Hmm, not sure if that solves it actually. The minutely cronjob would be started a minute later, even though it is still running for an hour?

Example: you have set up to run the Contao cron every minute. There is a job that runs for 60 minutes. Every minute, this job is executed and then runs in parallel with all the other executions, if the database table is not locked during the whole execution of all crons. This would be the current behaviour and also the old behaviour.

However, if you do lock the table for the whole execution, then the Contao cron process is still spawned every minute. However, the second run has to wait, until the first one is finished, then a minute later, a new process is spawned that also has to wait until the table is not locked anymore, etc. This would spawn infinite processes. Unless the process fails, when a database lock cannot be achieved? I don't actually know what happens then. I'd have to test.
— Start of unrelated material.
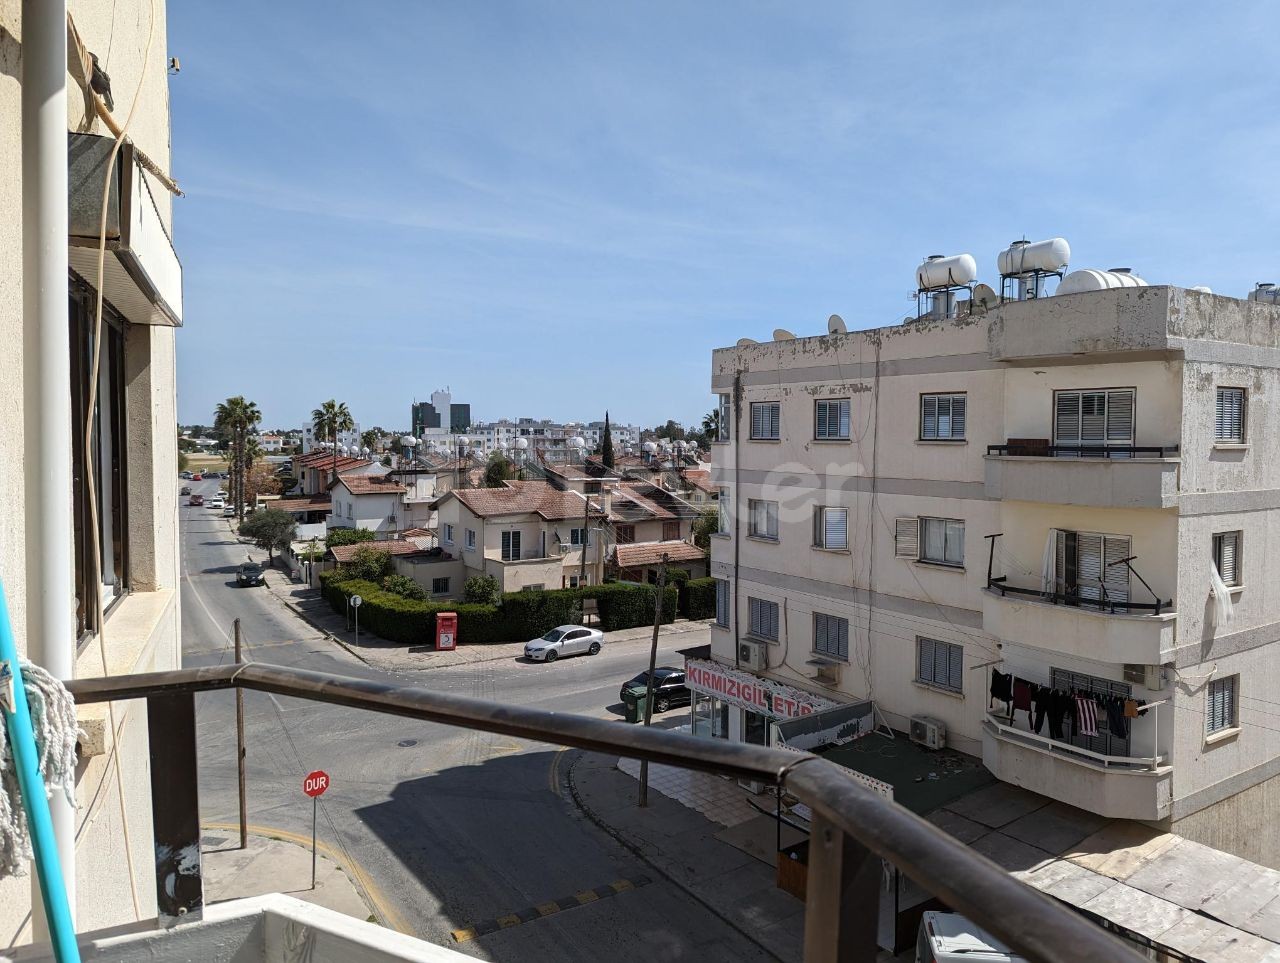 یک موقعیت خوب، در گوچمنکوی، کوچانلی ترکیه، 3+1، 125 متر مربع، روی صلیب دورتیول، آپارتمان به خوبی نگهداری شده
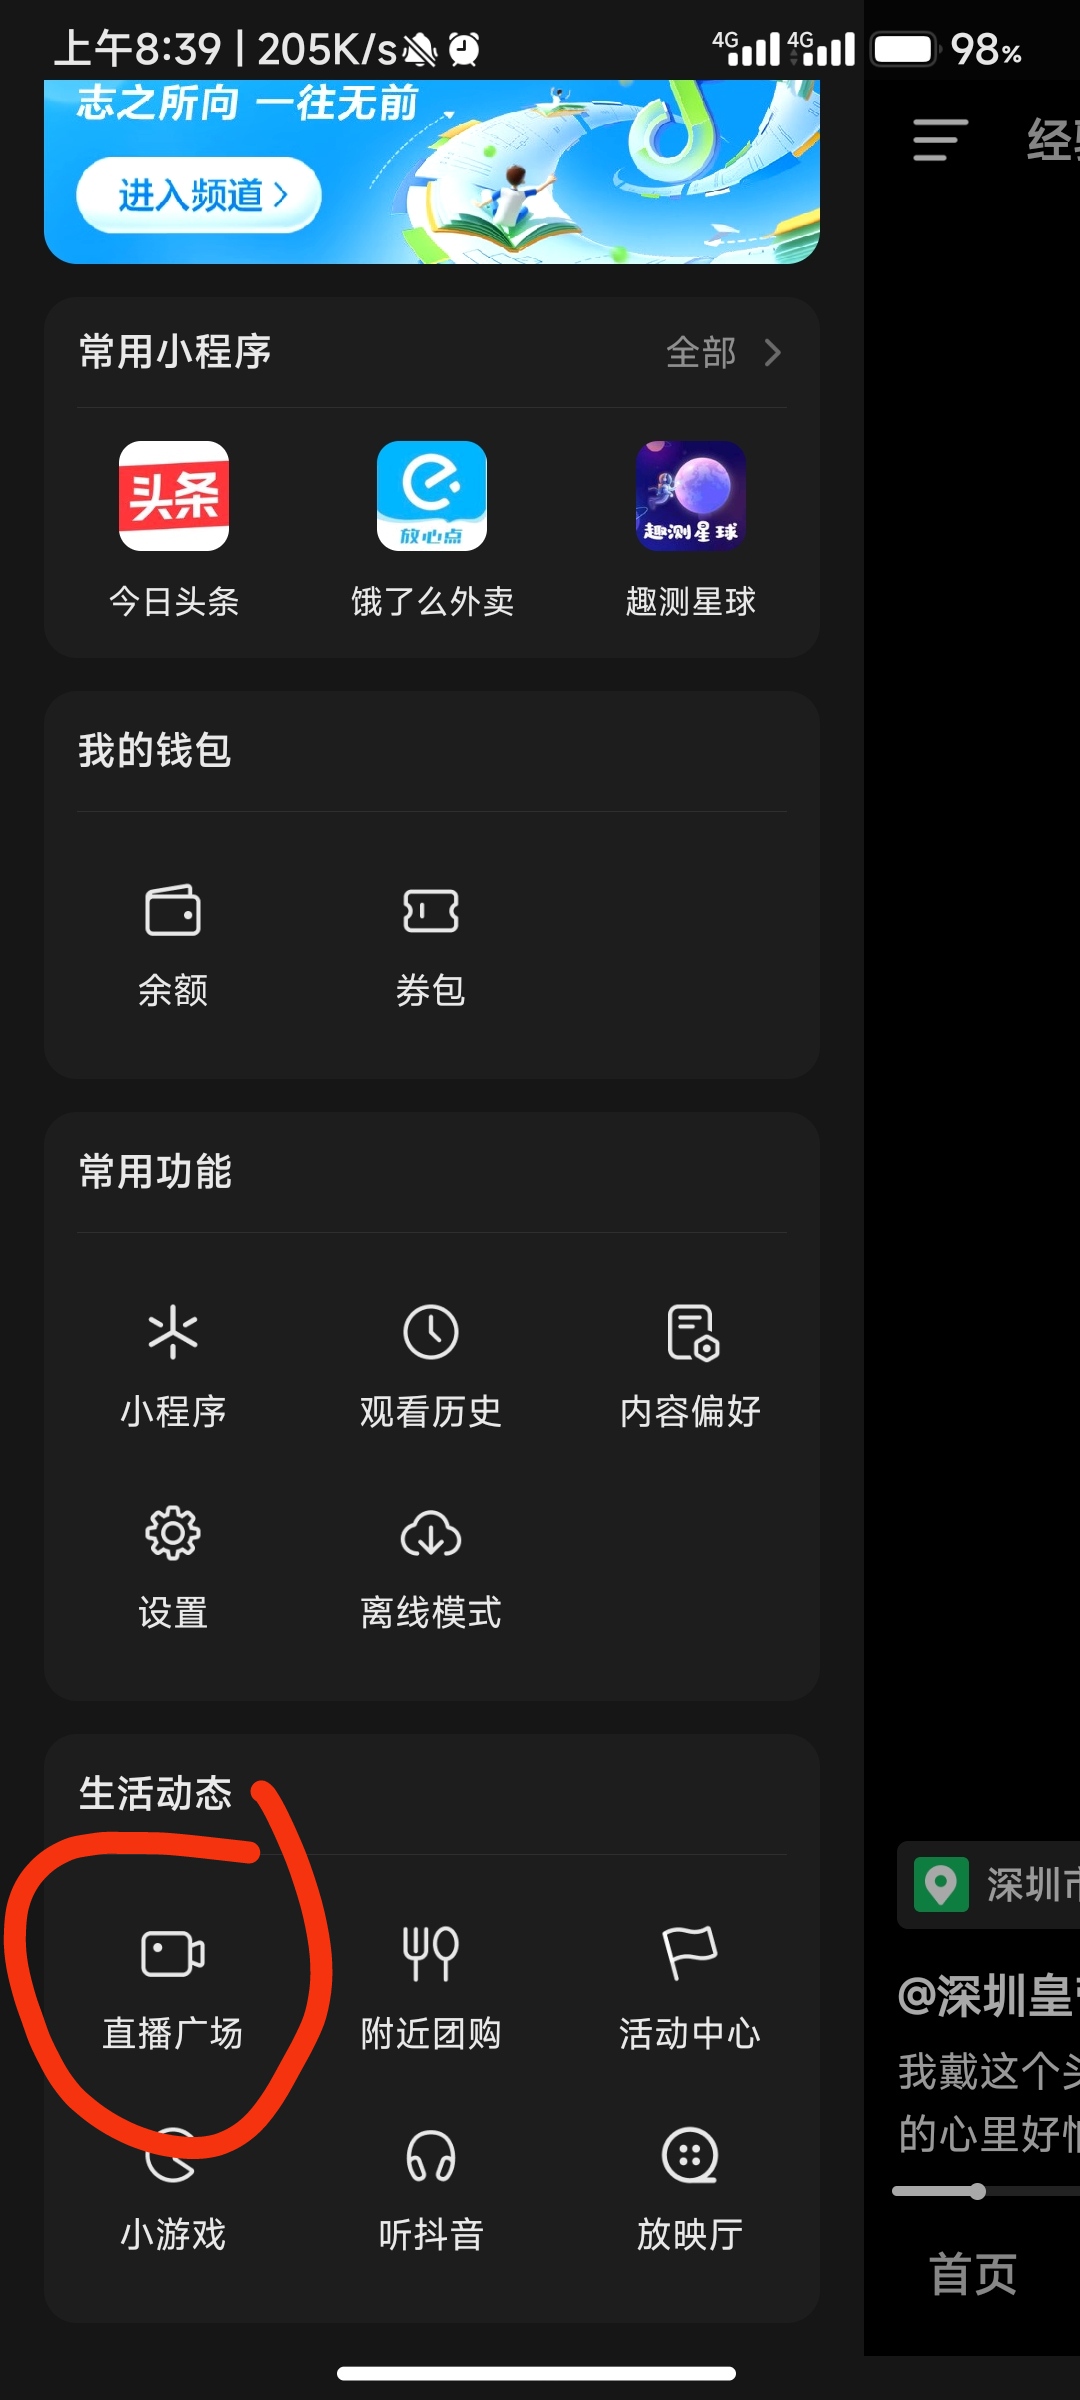 【实物专区】抖音App领取优惠券白嫖实物_网络实物线报

Anyhow: we could also save the state of each cronjob in the database and thus automatically skip its execution, if it is still running. So tl_cron_job.state would either have nothing, running, finished or failed in it and a job (with a given interval) can only be executed again, if its state is either empty or not running.

Very true, but complicated 😂
I liked the idea of cron/cron where a app user can decide what job to run when. In the Managed Edition®, it mostly makes sense to have it defined by the dev, but maybe I wanna change it. But nevermind, thats not really in this PRs scope.

Hm, what about something like this:

class CronInterface
{
    /**
     * Returns all added cron jobs.
     */
    public function getCronJobs(): array;

    /**
     * Returns a specific cron job, given its name and interval.
     * If the interval is ommitted, the first cron job found with the given name will be returned.
     */
    public function getCronJob($name, $interval = null): ?CronJobInterface
}
class CronJobInterface
{
    /**
     * Returns a callable or array.
     */
    public function getService()

    public function getName(): string
    public function getInterval(): string
 
    /**
     * Adjust the interval of the cron job.
     */
    public function setInterval(string $interval): self
}

Haven't really looked at how cron/cron handles this though :)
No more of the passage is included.